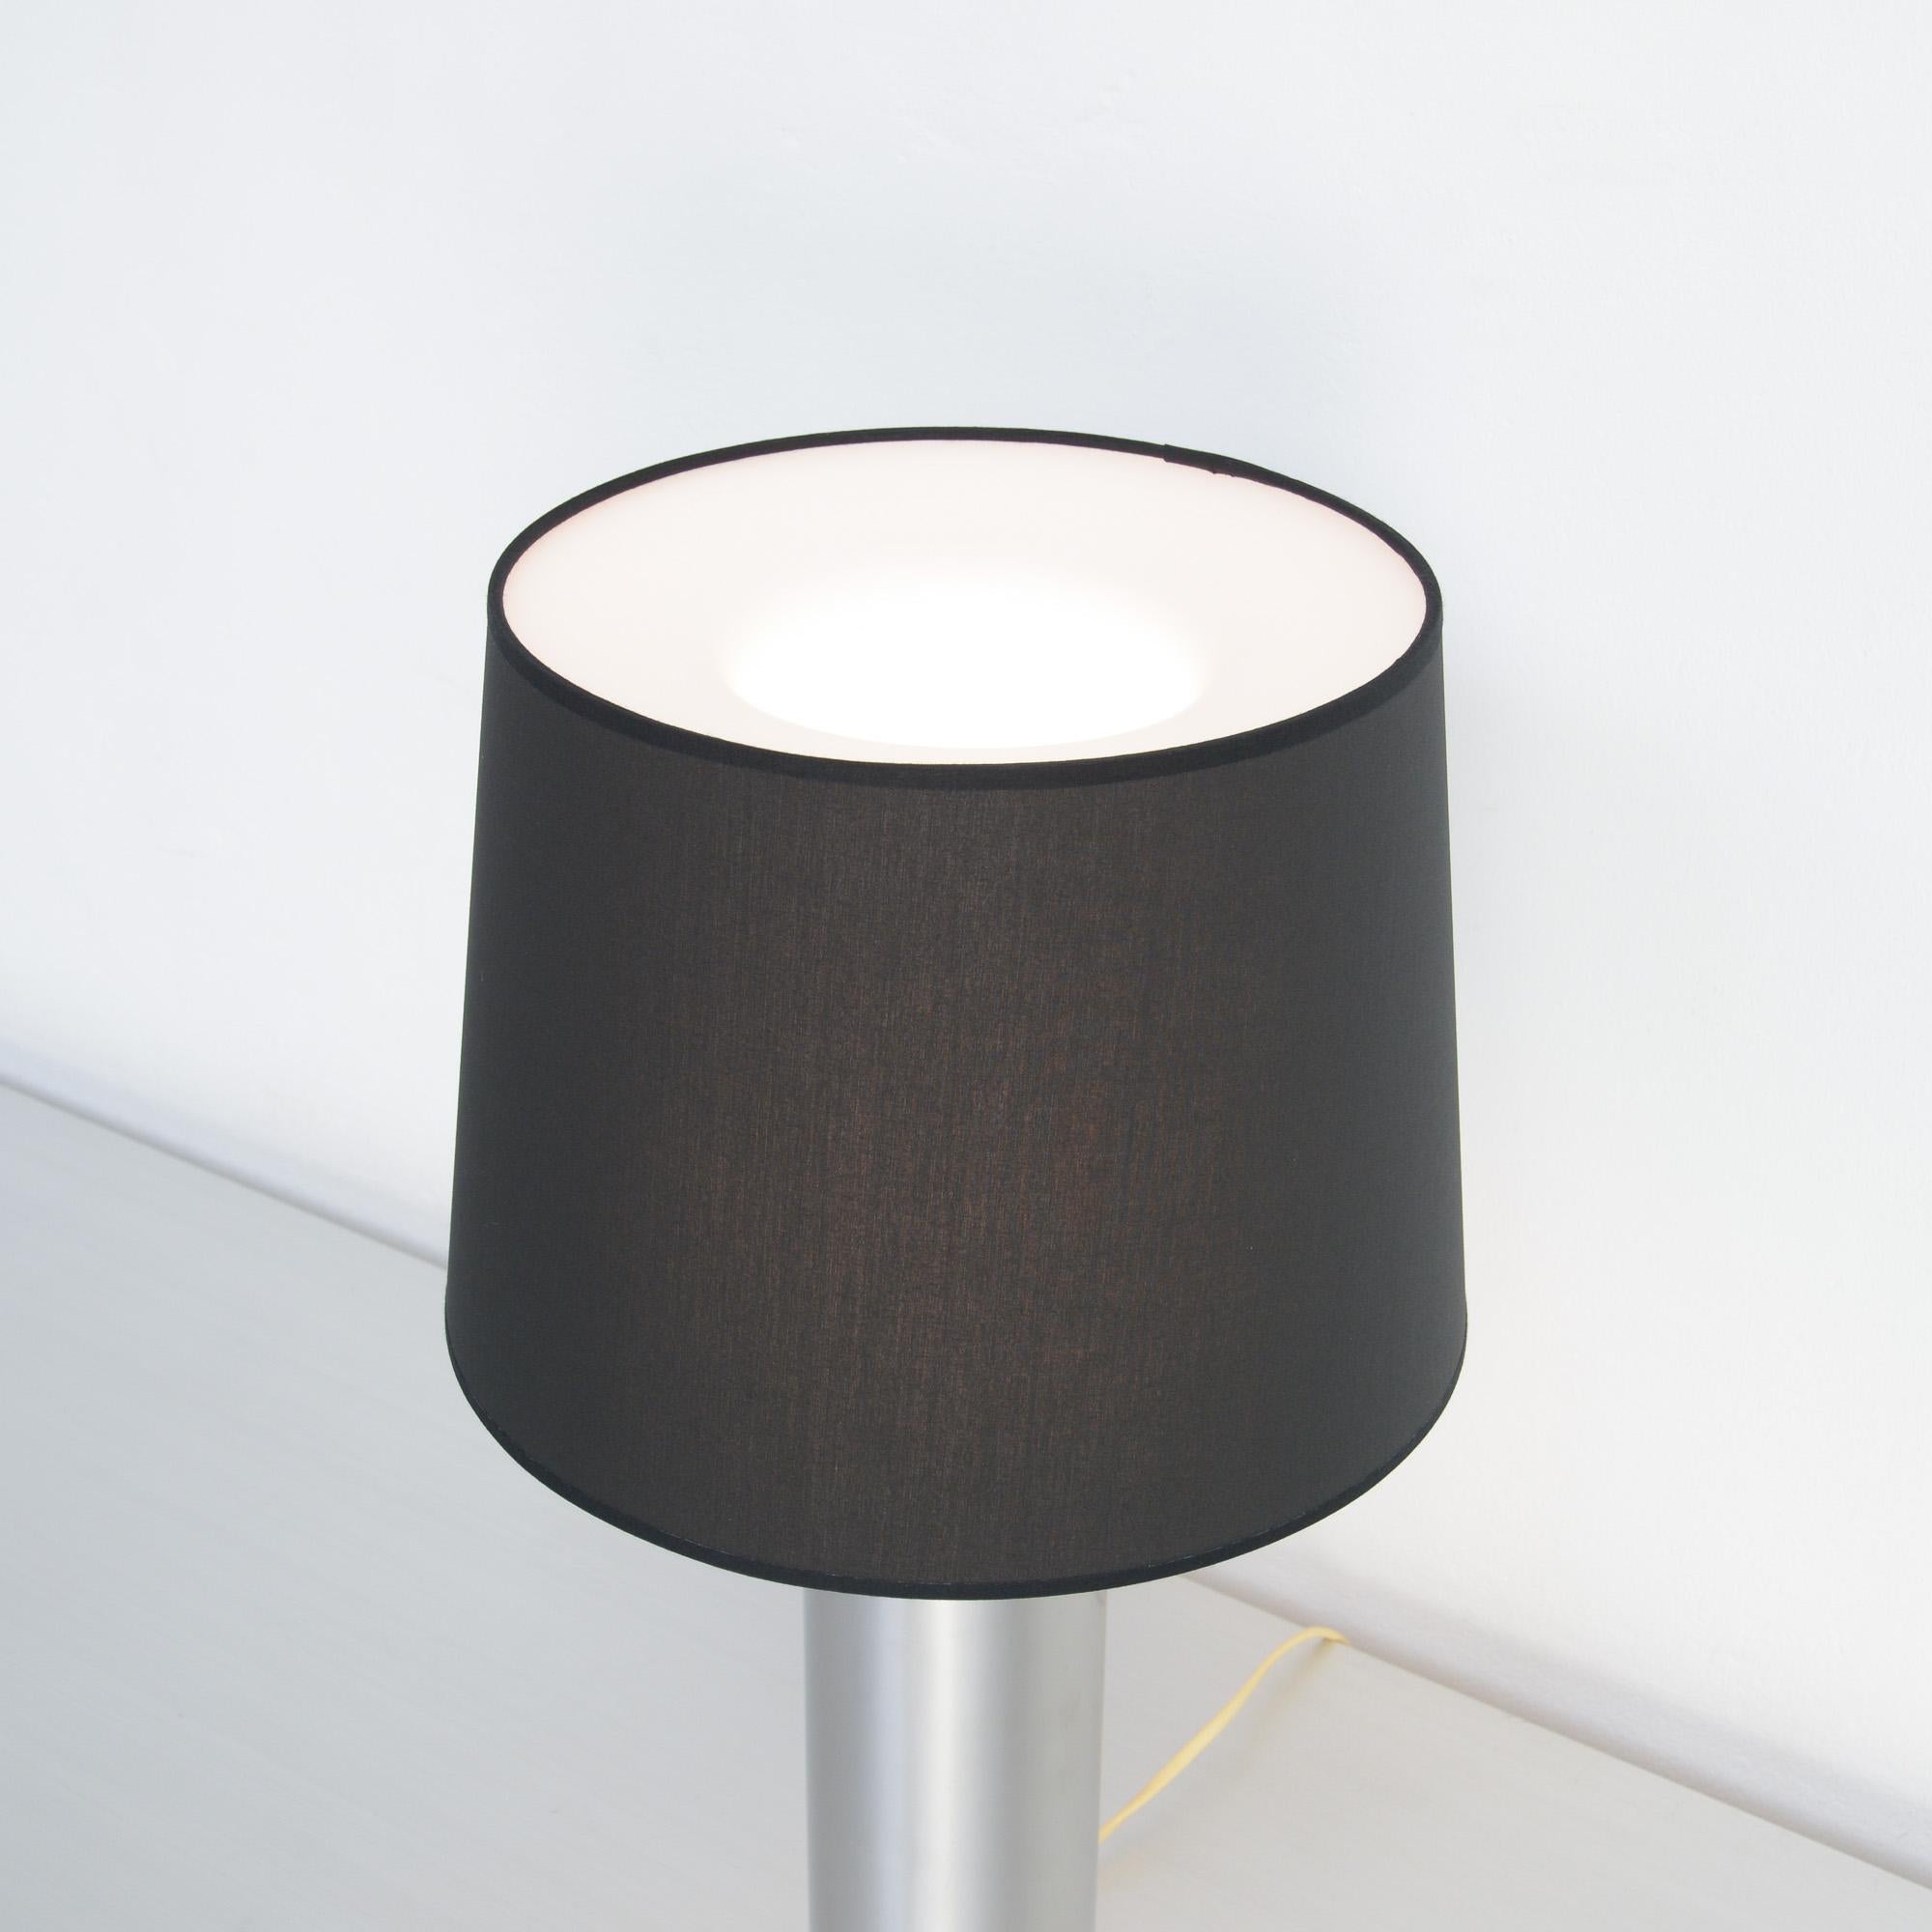 This Minimalist Scandinavian table lamp was designed by Uno & Östen Kristiansson for Luxus in Sweden in the 1960s.
This lamp is made of a chromed steel cylinder with rosewood details. The white perspex diffuser is covered with a black lampshade.
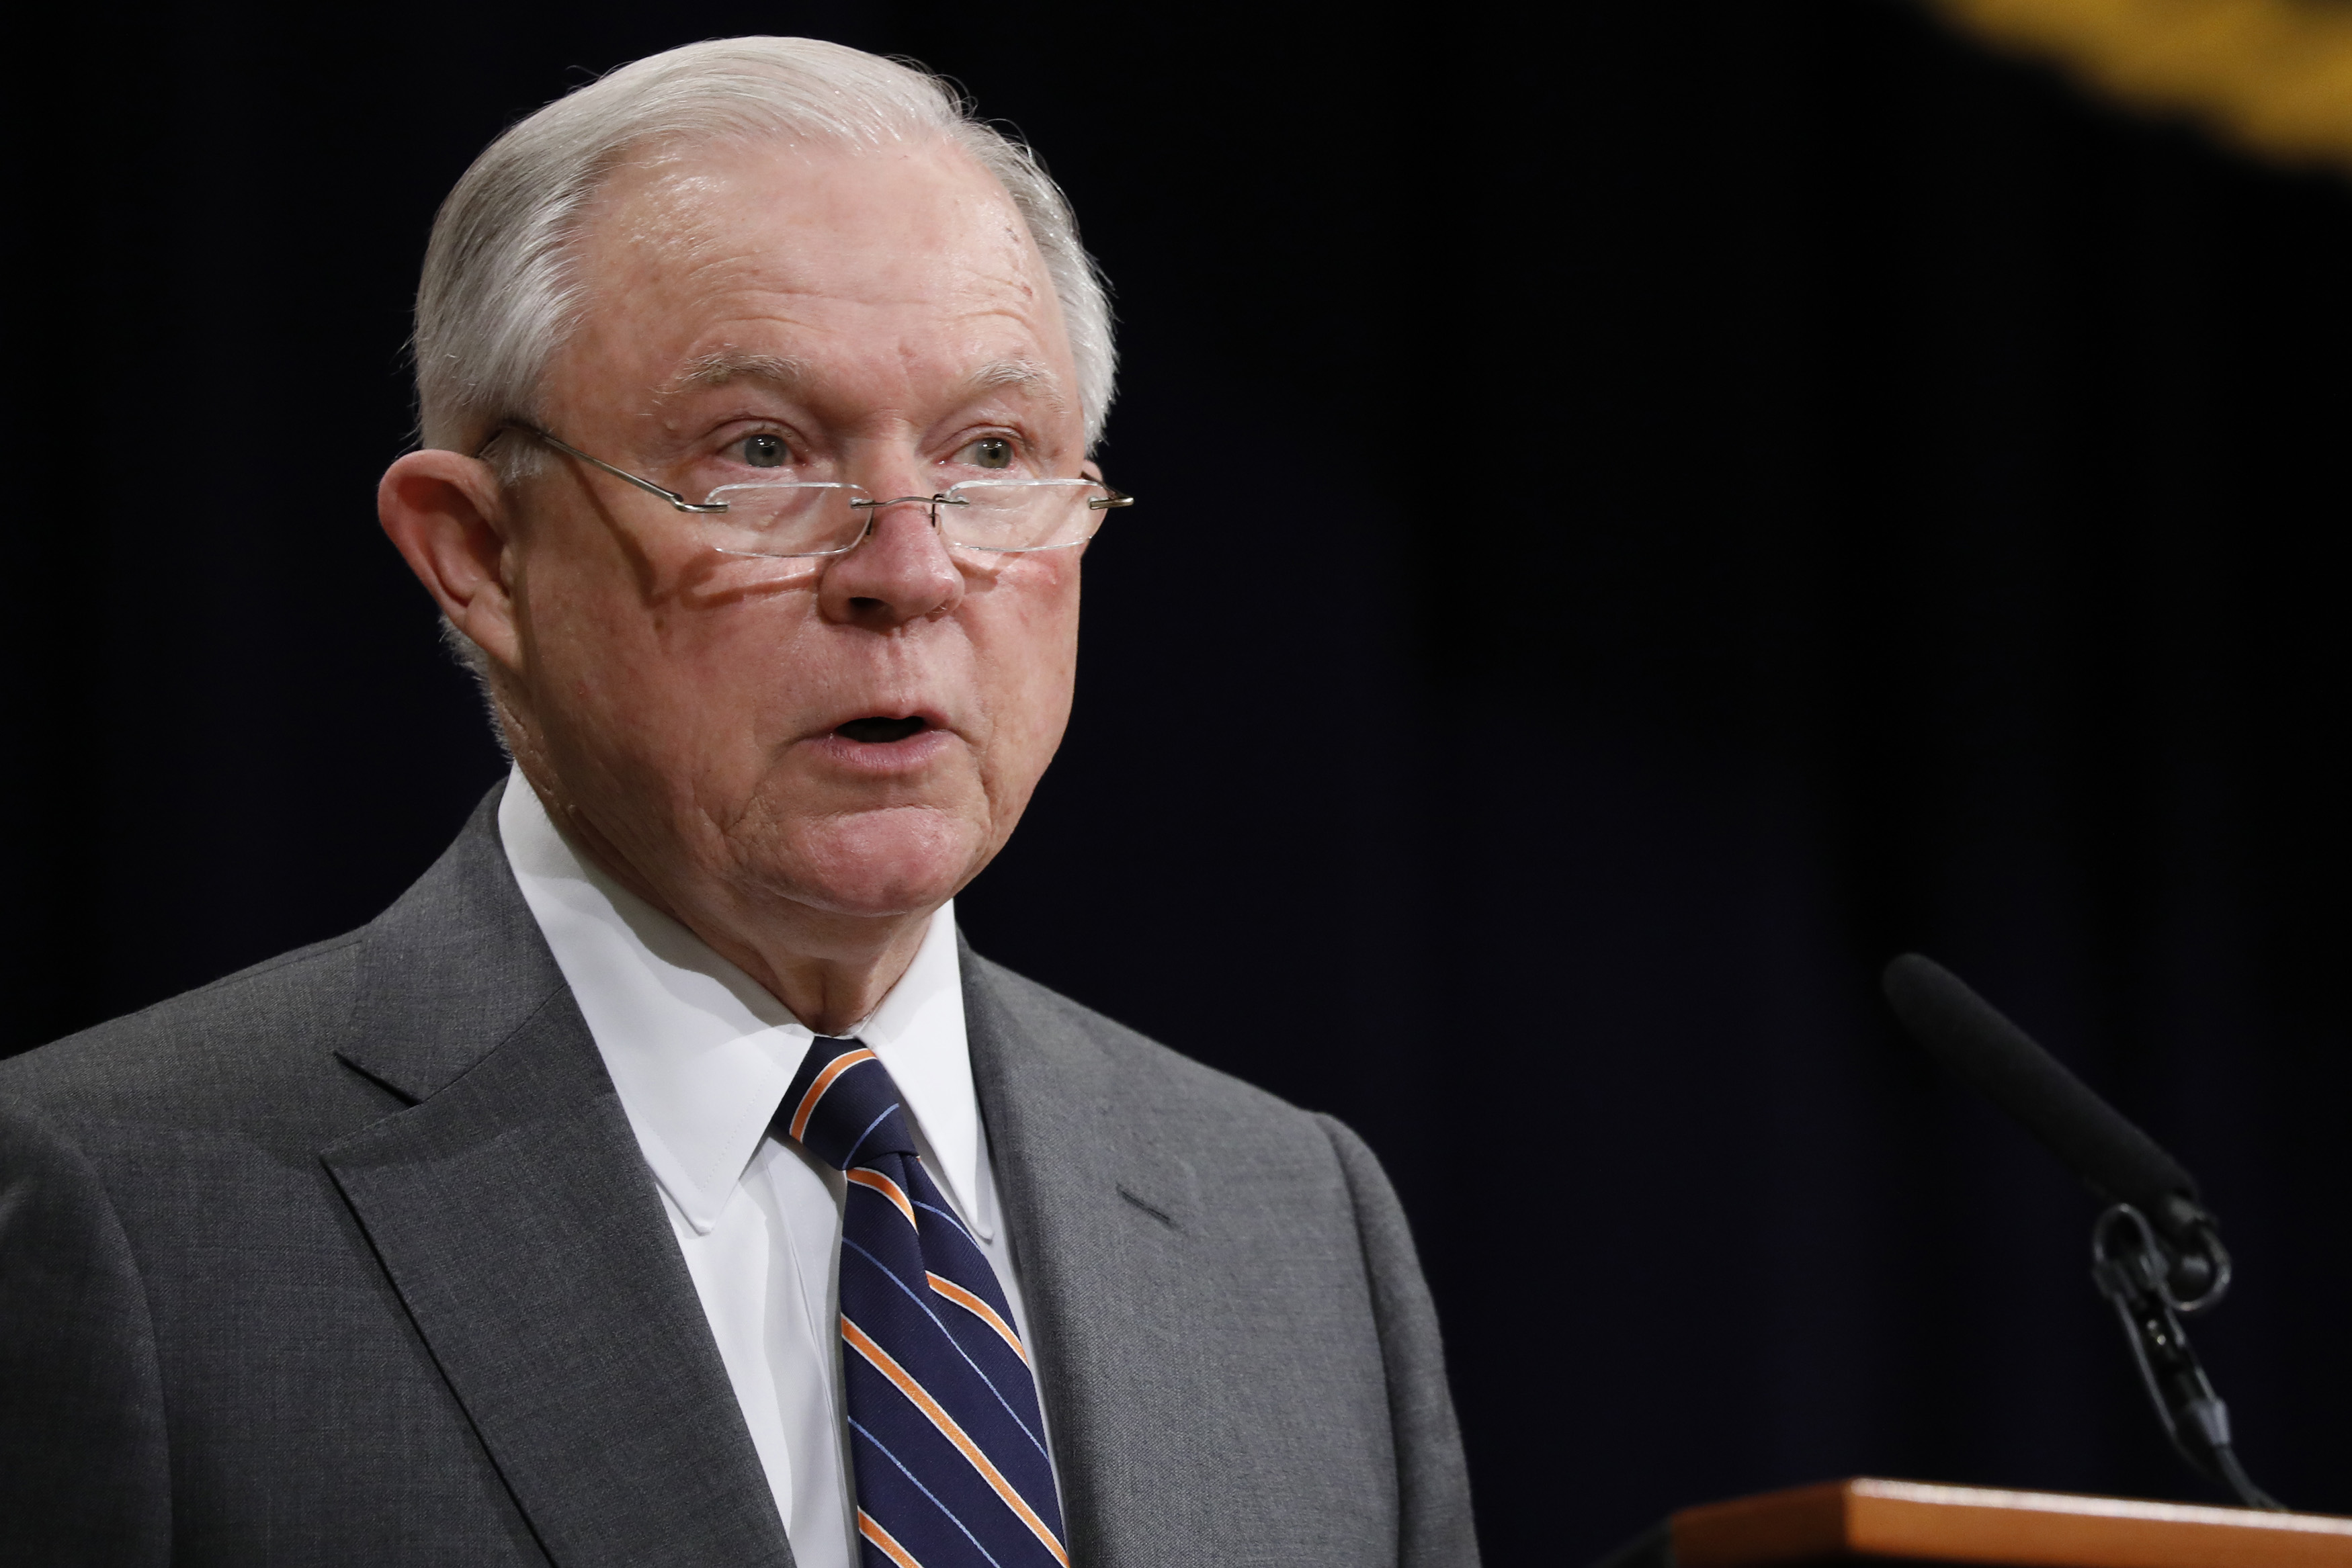 Attorney General Jeff Sessions speaks at the Justice Department in Washington, D.C. on Sept. 17, 2018. (Aaron P. Bernstein—Getty Images)

## BRIEF
Reproduce the full listing faithfully, but do not carry over any pictures.

## TASK RESULT
 This Minimalist Scandinavian table lamp was designed by Uno & Östen Kristiansson for Luxus in Sweden in the 1960s.
This lamp is made of a chromed steel cylinder with rosewood details. The white perspex diffuser is covered with a black lampshade.
 Attorney General Jeff Sessions speaks at the Justice Department in Washington, D.C. on Sept. 17, 2018. (Aaron P. Bernstein—Getty Images)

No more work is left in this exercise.